Zuckoff’s third point contains the implicit assumption that service to others is by definition morally good, while personal gain is morally suspect, or at least less noble. In fact, traditional Ponzi schemers are reprehensible not because they seek personal gain, but because they seek it illegitimately, by defrauding people. Well-intentioned or not, the Federal government’s Ponzi scheme also harms people, both rich and poor. Even those who make only modest “contributions” to the system could receive higher benefits upon retirement if they invested those same modest amounts conservatively for themselves. In the midst of the current financial crisis, this might sound counterintuitive, but the long run view is clearly in favor of private investment. The only real argument against private savings is purely paternalistic: Yes, people could easily earn more, but they might choose not to invest enough if left to their own devices. Translation: We, the government, know what’s best for you.
People who justly recoil from the idea of outright slavery and who rightly cheer the end of the military draft—two institutions that abrogate basic human rights—have no problem with the idea of conscripting their fellow citizens to provide for the retirement of others. They see that security in old age is a good thing, and they imagine that this good end justifies the forced “contributions” of all.
Implicit in this view is the idea that you do not belong to yourself.
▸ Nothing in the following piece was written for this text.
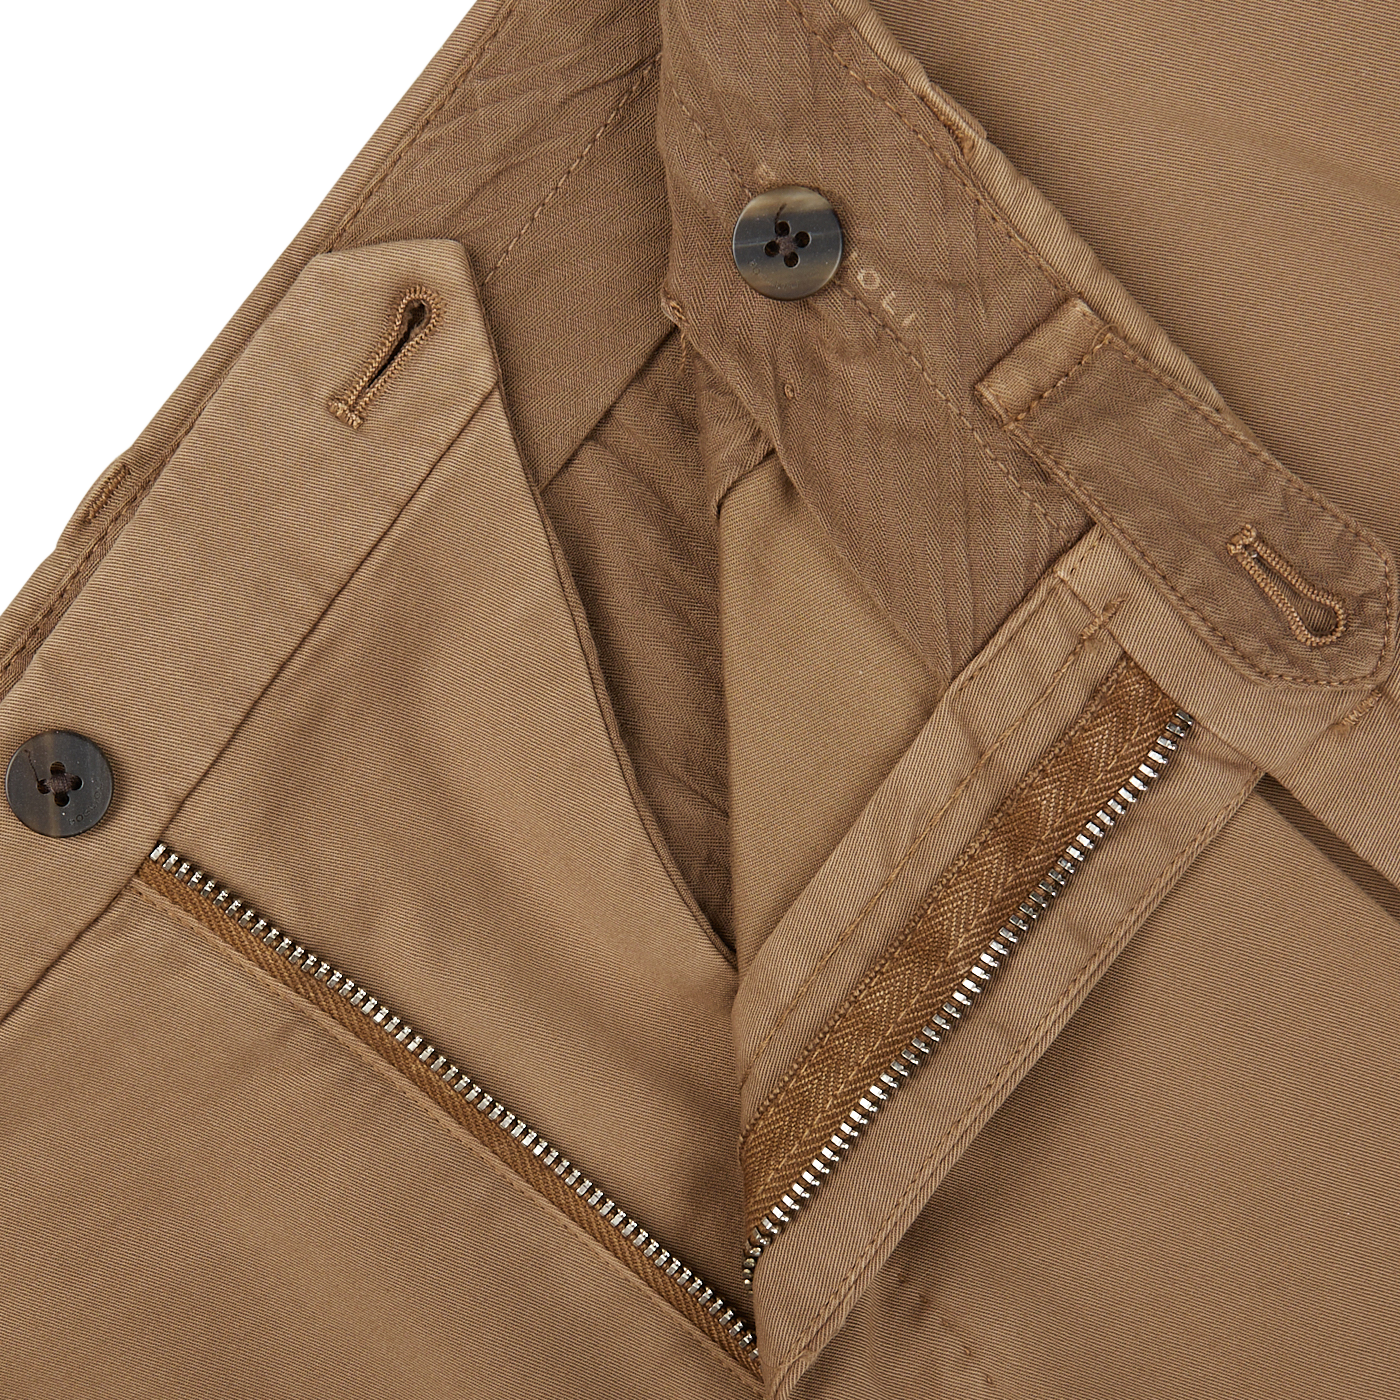 Close-up of Boglioli Tobacco Brown Washed Cotton Pleated Trousers with a zipper and button detail.

Others have a claim on some portion of your life without you having voluntarily come to any agreement with them. This idea of an unchosen obligation, though, is the same notion behind slavery and the draft, though admittedly in a milder form. The simple truth is that no one has the right to initiate the use of force against you. You wouldn’t accept it as legitimate if a gang of your neighbors showed up with pitchforks in hand demanding a slice of your paycheck; it is no more legitimate if they launder their efforts through the legerdemain of government legislation.
The current Social Security system fakes reality by mimicking investment for retirement when no such investment is taking place. It fakes reality by disguising dependence under a veil of universality. And it fakes reality by encouraging people to abdicate responsibility for their own lives and livelihoods. The bridge is out up ahead. How much longer will we wait before demanding a change of course?
If we left retirement planning to private individuals and enterprises, the vast majority of people, who are perfectly capable of taking responsibility for their own lives, would be encouraged to do so. This would not only work far better than the current system; even more importantly, it would accord each individual human being the genuine respect and dignity we all deserve.